Even though I grew up in a thoroughly “gringo” household, I, like all the Tucsonans I know, feel a deep kinship with America’s southern neighbor. As long as I can remember, chips and salsa were the de facto snack at our place; Mexican food was the only cuisine that all family members would agree to eat. It was no coincidence that, in a family of runners, our favorite annual bonding event was the Tucson Cinco de Mayo 10K road race, which boasts an all-you-can-eat spread of five different burritos at the finish line. And so, the thought of the chimichanga being a Tucson original, a testament to the genius of the American culinary melting pot, was exciting. I set out to investigate.
Being a tech-savvy and lazy millennial, I started, naturally, with Wikipedia. The first line of the webpage regarding the history of the food mirrored the argument from my car: “Debate over the origins of the chimichanga is ongoing.” My heart sank. Numerous Mexican and Mexican-American grandparents were trying to take credit for the original recipe. One section asserted that the chimichanga was invented in Phoenix in 1946, following a cooking experiment by Woody Johnson, founder of the still-thriving Macayo’s restaurants.
Multiple other sources attributed the origin of the chimichanga to Tucson’s El Charro Café, the nation’s oldest Mexican restaurant in operation by the same family. As the El Charro nativity tale goes, the chimichanga and its curious name were born shortly after Monica Flin opened the restaurant in 1922. One afternoon, Tia Monica was frying taco shells and accidentally knocked a nearby burrito into the hot oil. When the burning liquid splashed onto her body, Tia Monica let out a common Spanish expletive that she barely managed to censor in the presence of her nephews to “Chi … michanga.” (Think back to when your mother would burn her hand on the stove and yell “Fuuuuu … dge!”) One accidentally crisped burrito and one cleverly curtailed cuss word later, the chimichanga became a new favorite in Tia Monica’s culinary arsenal.
I decided to do some sleuthing of my own on a trip to visit my family in Tucson. I dragged my parents and sister into the heart of south Tucson to visit one of the city’s star Mexican establishments: Mi Nidito. On its walls, Mi Nidito proudly displays signed photographs of visits from President Bill Clinton, Secretary of State Madeleine Albright, and celebrities like William Shatner, Linda Ronstadt, and Enrique Iglesias. Sadly, the Saturday night we went out, Mi Nidito’s wait line wrapped around the block. With our stomachs grumbling, we settled for dinner at a lesser-known but nonetheless stellar establishment down the street, Los Portales. After a bountiful dinner with many rounds of chips and margaritas, I spoke to the restaurant’s night manager, Celia Gongora, who was born and raised in the northern Mexican state of Sonora.

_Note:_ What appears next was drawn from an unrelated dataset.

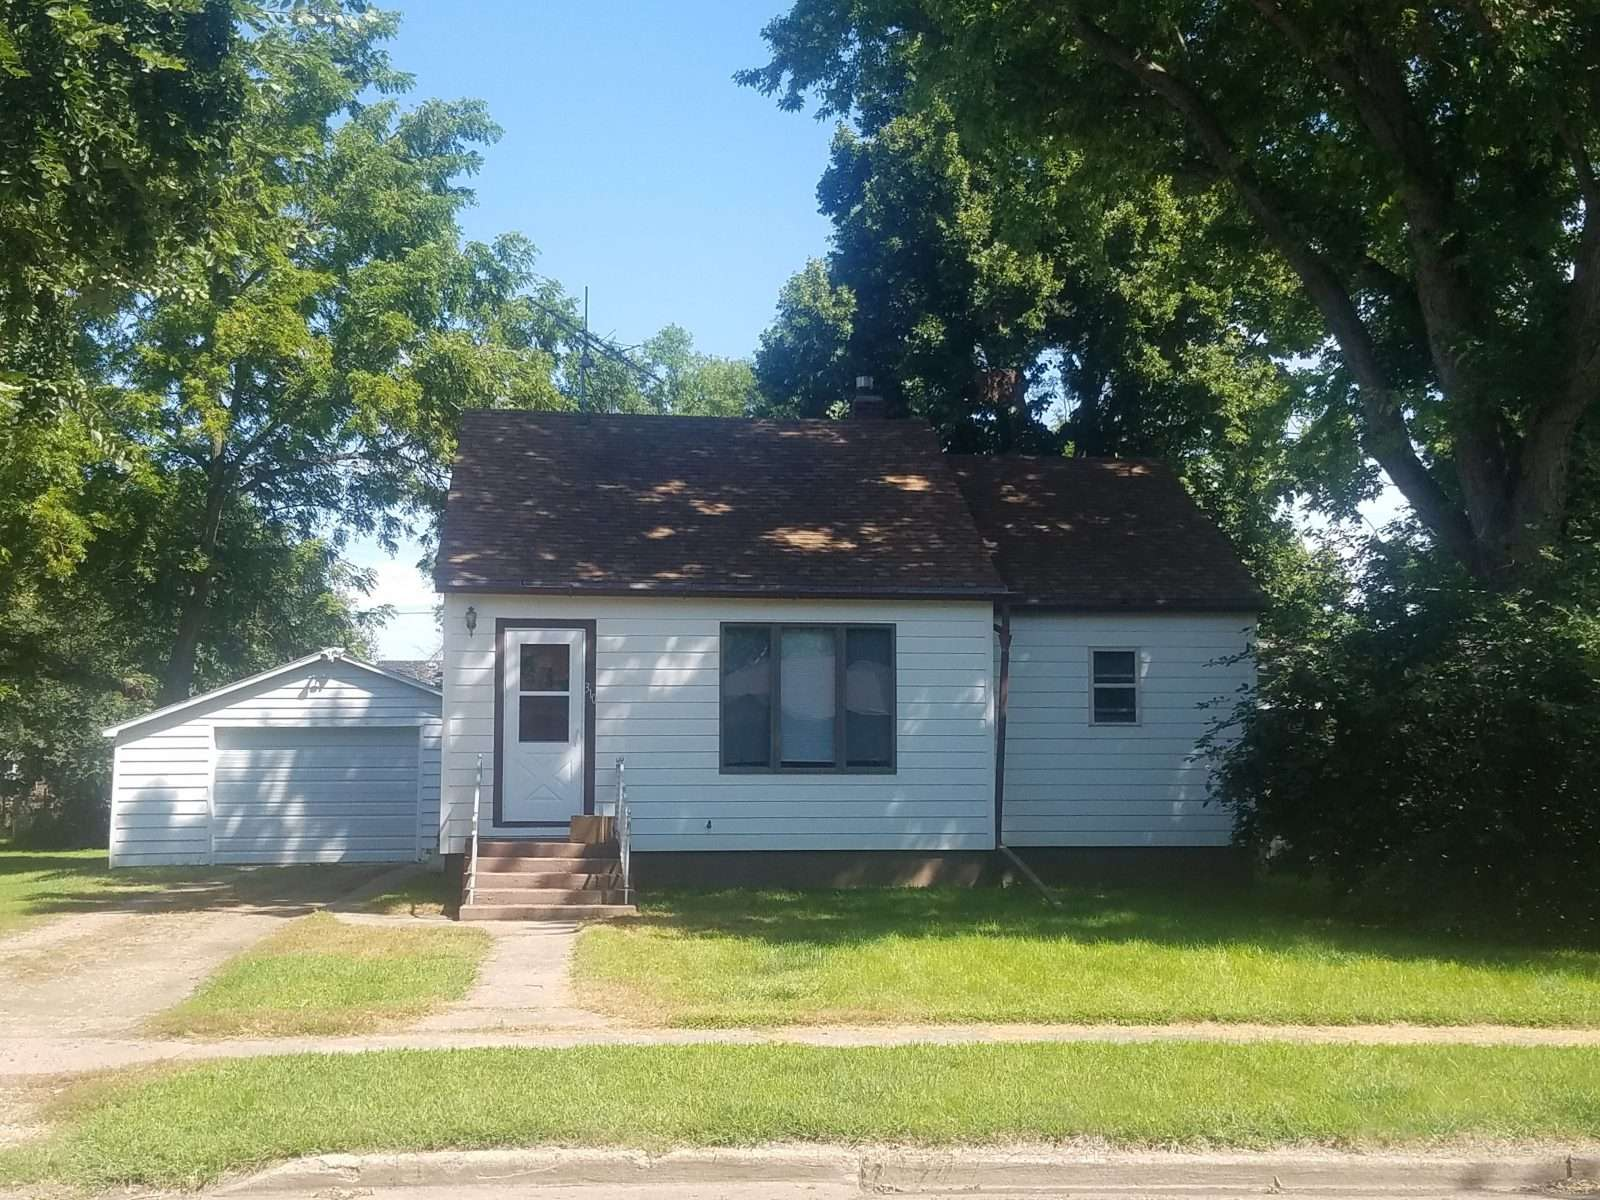 310 N. Peck St.

Regarding the legacy of the fried burrito, she said that chimichangas are undoubtedly from Mexico.
“I grew up eating chimichangas as a young girl in Sonora,” she recalled. “The chimichangas in Mexico are smaller than the ones here, but they have definitely been around longer.”
Later conversations I had with other Mexico natives backed up the manager’s assertion, but the claims seemed more emotional than evidence-based.
“There is no way any American could create something as tasty as the chimichanga,” one Mexican friend stated, as if to end the discussion.
Confused and desperate for an authoritative opinion on at least the national ancestry of chimichangas, I called the Mexican consulate in Tucson. I spoke with a Mexican diplomat, Jonathan Granados Muñoz, whose job presumably entails more than fielding random phone queries from Anglo Mexicophiles. When I asked him about the food’s origin, he responded rather diplomatically, “I think it is a Mexican-American fusion dish.” He continued to explain that, while he thought the first chimichanga probably came from northern Mexico, he believed that the dish had risen to fame through its American variants.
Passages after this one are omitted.